Well, I don't know, but any professional video editor uses the same approach 
AFIK. This aproach is: 
1) Have single frame preview window. Selecting a frame in the timeline will 
render/display this frame with decent (highes?) quality.
2) Have _large_ buffers on HD and render the movie in preview quality to the 
buffers. If you wnat to previe a scene, it will be taken from the buffers. 

For 2) if you have a smart engine, the engine will be able to use the 
offscreen capabilities of the grafics hardware and/or use hardware to render 
ind preview quality if the selected scene has not yet been prerendered. It is 
possible, to have different implementations of the same effect/transistion. 
e.g. high or production quality, which just renders everything by hand as 
good as possible, and then low/preview quality which tries to use hardware 
acelleration. The effect might then not look 100% perfect or fonts maybe not 
antialiased, color gradients maybe reduced, etc, etc...

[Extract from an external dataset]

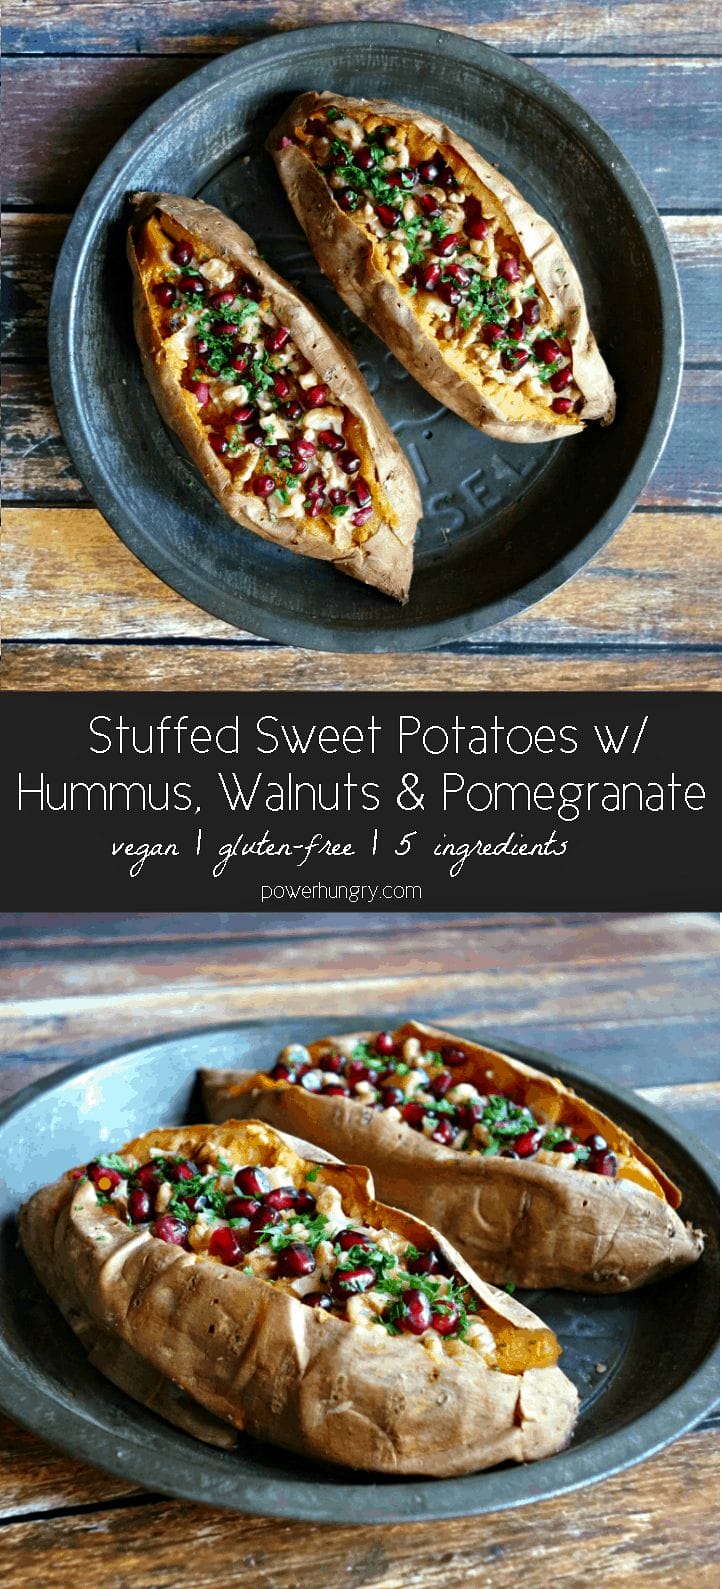 vegan supper stuffed sweet potatoes with hummus, walnuts and pomegranate

The real problem is not 1). Doing it perfect is not that big a deal, but 2) 
doing it almost perfect in realtime to preview.. that's the challenge.

> > However, if we were to copy data from the Cutter to the GUI, then the
> > problems that arise are due to context-switching. We would have to
> > consider looking at the Cutter as a seperate thread rather than as a
> > seperate process.
>
> Well this wouldn't probably work without integrating the cutter a lot more
> tightly.

Making the cutter a gst-plugin, this is for free, the GUI can wrap it in 
gst-thread, or not. Using gst-launch I guess the plugin can become a real 
process, too.. I'm not sure though.

> > I don't like the idea of threads for a number of reasons : Firstly, if
> > the Cutter crashes, it will take the GUI with it. Secondly, we would
> > still have to allow the Cutter to run as a seperate process so that it
> > could be run remotely or for batch processing anyway. Thirdly, it would
> > really screw up my idea of having a scheduler for multiple cutters
> > distributed on multiiple computers ;-)

Ok, I don't want to get envolved with multiple computers too much, because 
that's my major. But if we want to test this on a 500+ PC cluster at some 
point I can do it. But using a PC cluster to render a movie is trivial. The 
task is intrinsicly parallel if you can make the cutter read a XML file and 
launch it with gst-launch. You just have to tell everybody which frames to 
render and have a seriealizer in the end. That's what I do all day ;-)

> Well first of all if we programm propperly, the cutter won't crash.

;-)

> However that's why I was suggesting the cutter to anounce it's
> posibilities. If the cutter completely runs over network it might only
> offer the frames or might even just display frames on a seperate display.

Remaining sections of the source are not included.